Qualche mese fa l'assessore Passoni è stato chiamato a rispondere alle nostre domande in merito alla controversa assunzione del portavoce del Sindaco.
Come ormai saprete, da corollario alla vicenda c'è un curriculum depositato agli atti ma non ancora on-line a 5 mesi dall'assunzione (come previsto per tutti i dirigenti), nel quale si legge "corso di laurea in.." ma per il quale, come confermato dall'Assessore in aula, non era stato conseguito il titolo di laurea (obbligatorio per gli incarichi dirigenziali), un contratto ex-art 110/267 che erroneamente riporta in testata "Dr. Giovannetti" ed uno stipendio da 15 mila euro al mese che impegna le casse comunali per circa 1 mln di € in 5 anni.

Già allora avevamo espresso forti dubbi e contrarietà in merito a questa assunzione che conferiva un ruolo dirigenziale ad un soggetto privo del titolo di laurea, contrariamente a quanto sancito più volte dalla Corte dei Conti in altre regioni. Avevamo quindi scritto una mozione con la quale impegnavamo il Sindaco (unico soggetto titolato a farlo) a chiedere un parere alla corte dei conti, documento che è in discussione in questi giorni.

A distanza di 4 mesi, in seguito alla riorganizzazione della macchina comunale, con un'altra interpellanza abbiamo chiesto all'Assessore Passoni se vi fossero stati sviluppi in seguito alle nostre osservazioni. E indovinate un po' cosa ci è stato detto?

Al Portavoce del Sindaco è stato tolto l'incarico di Direzione del Servizio Centrale Informazioni e Rapporti con il Cittadino, quindi non ha più incarichi dirigenziali coerentemente con quanto previsto dalla legge essendo soggetto privo di laurea.
Una battaglia vinta, verrebbe da dire....e invece no, perchè, incredibile (forse non troppo) ma vero, non gli è stato ridotto lo stipendio.
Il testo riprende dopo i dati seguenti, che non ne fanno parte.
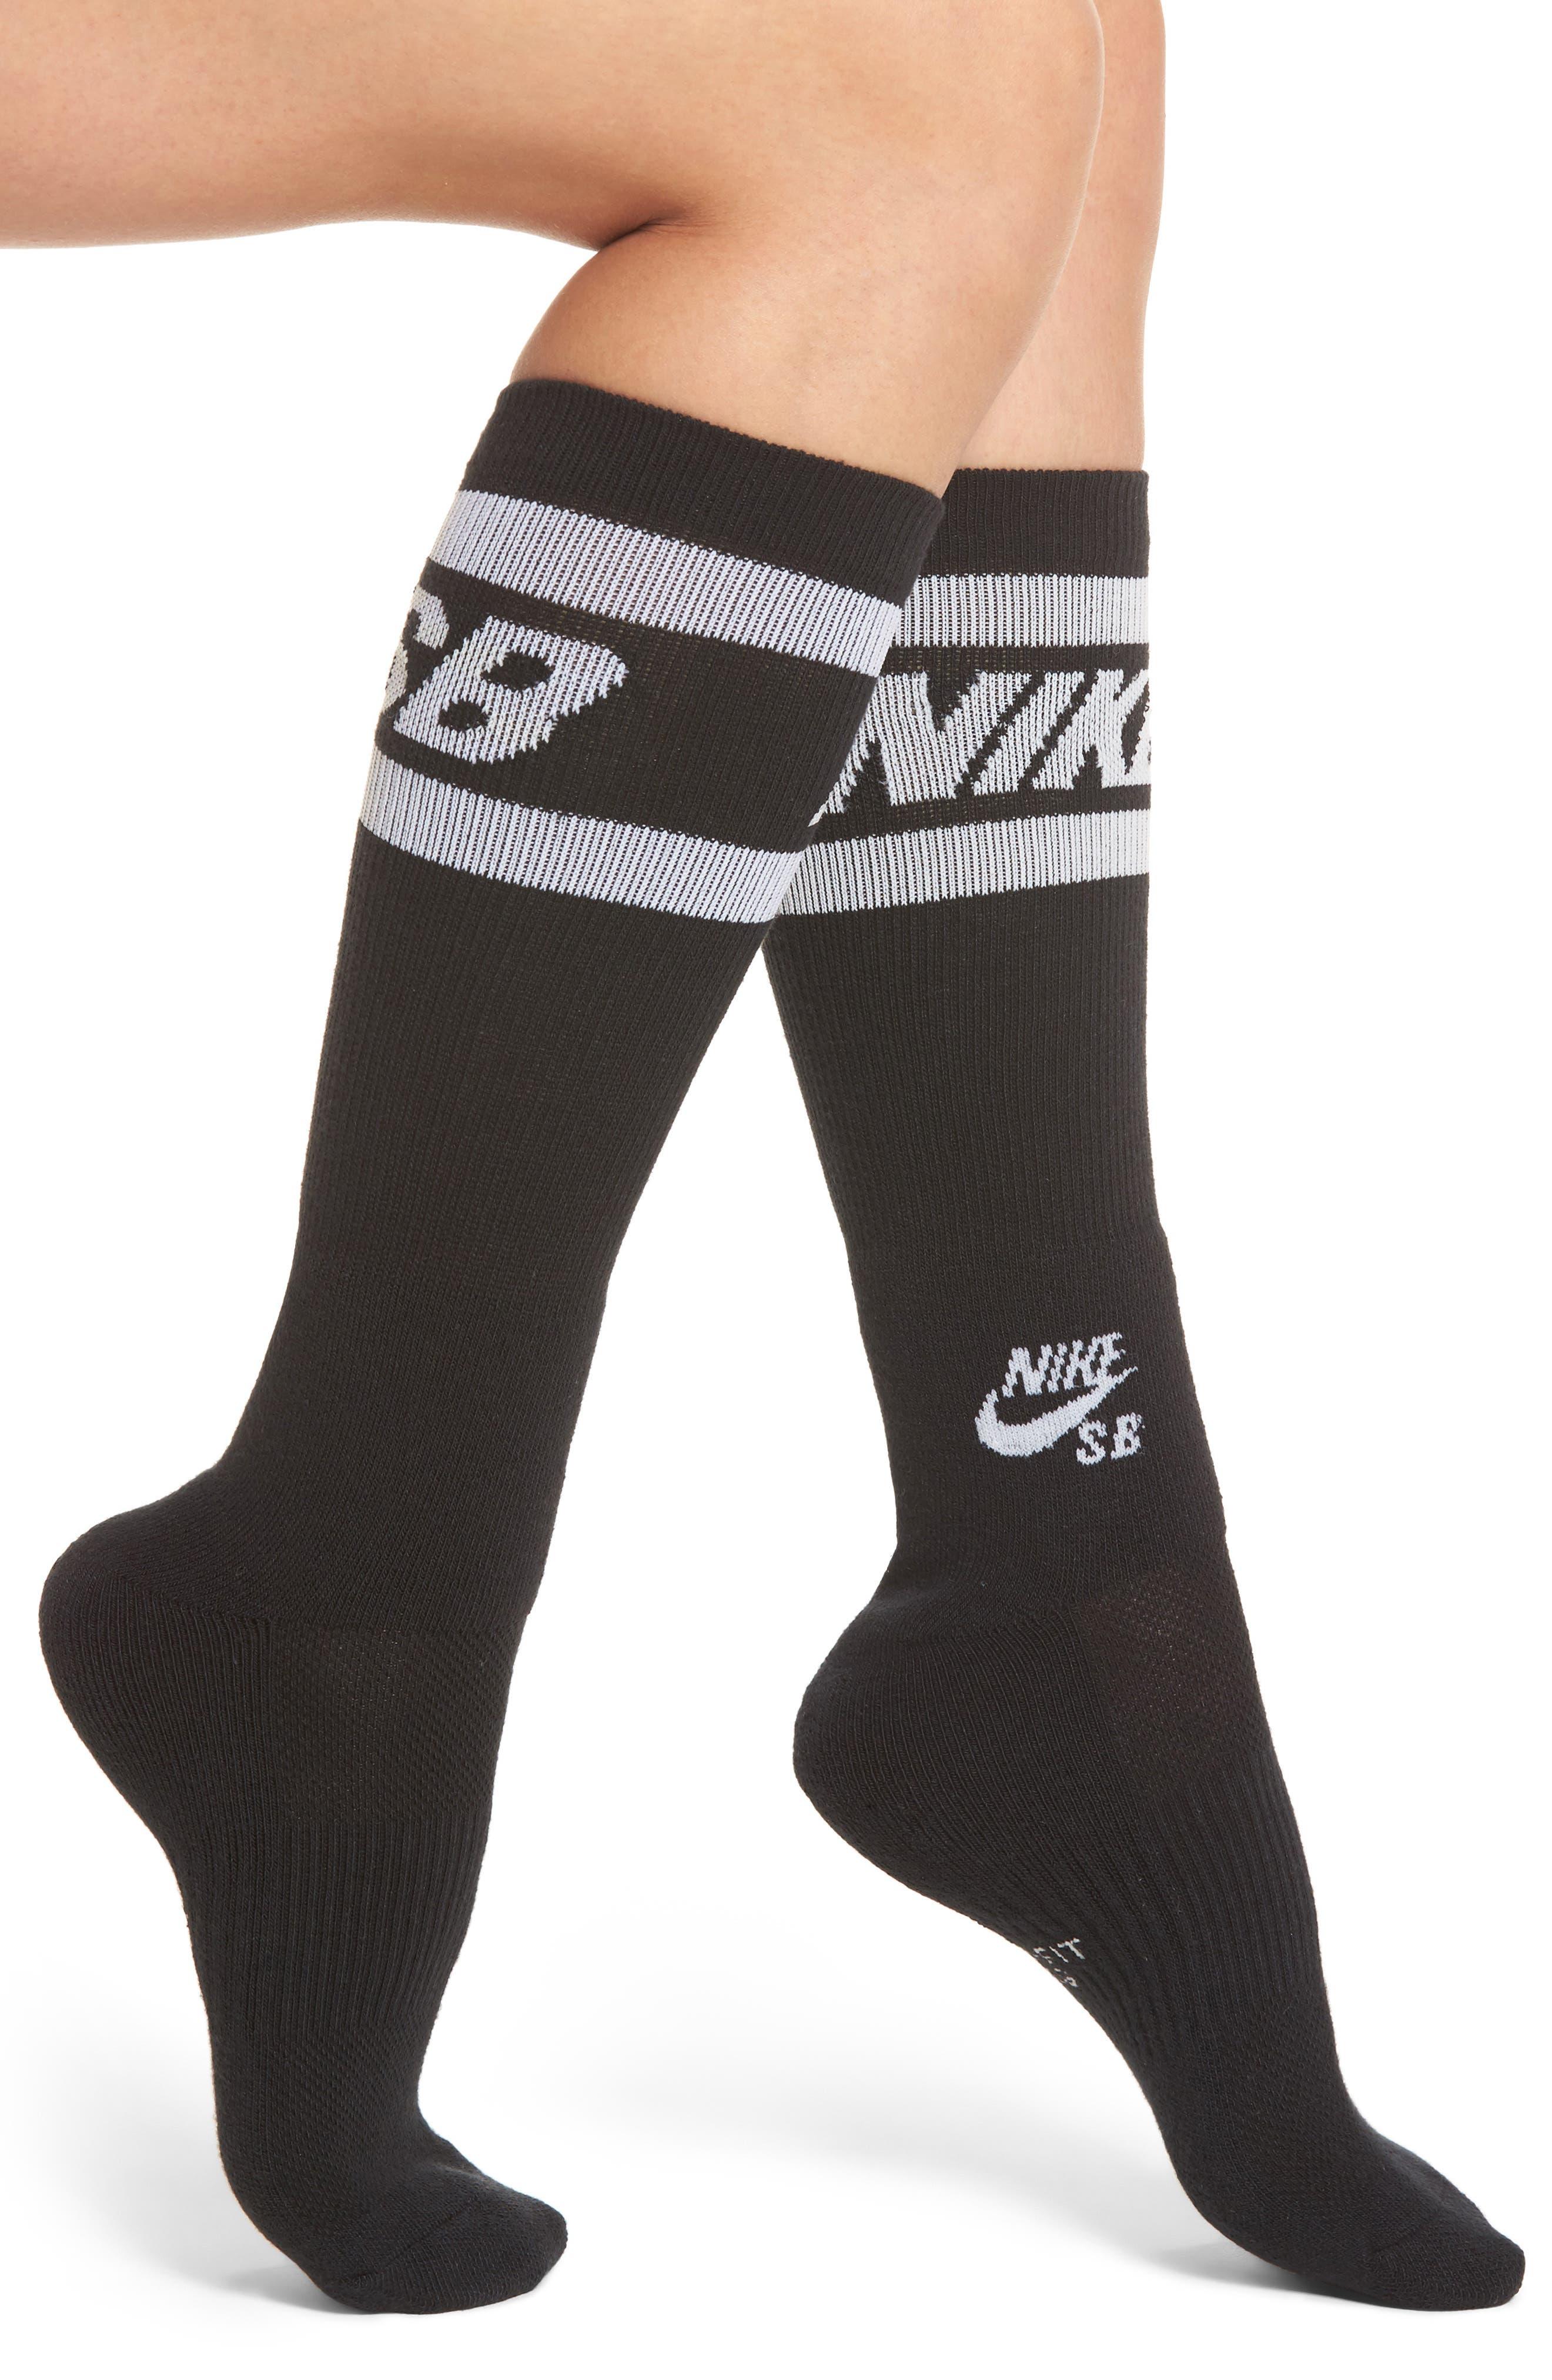 Main Image - Nike Skateboard Crew Socks

Una funzione in meno, cioè una responsabilità in meno, dovrebbe implicare senza se e senza ma una riduzione di stipendio. E invece no...almeno non per questa amministrazione.

Inutile ribadire per l'ennesima volta che uno stipendio da €180.000 all'anno sia già una follia di per sé, e lo diventa ancor di più se si pensa alla situazione economica nella quale versa il comune. Diventa poi quasi una barzelletta se lo si paragona ad altri soggetti fuori dall'Italia come Jay Carney, il portavoce del Presidente Obama, che guadagna circa €118.000 all'anno.

Ma diventa davvero inaccettabile, una vera presa in giro, che a fronte di minori responsabilità non corrispondano minori compensi: se si alleggeriscono le funzioni deve diminuire lo stipendio, oppure questo per il portavoce del Sindaco non vale?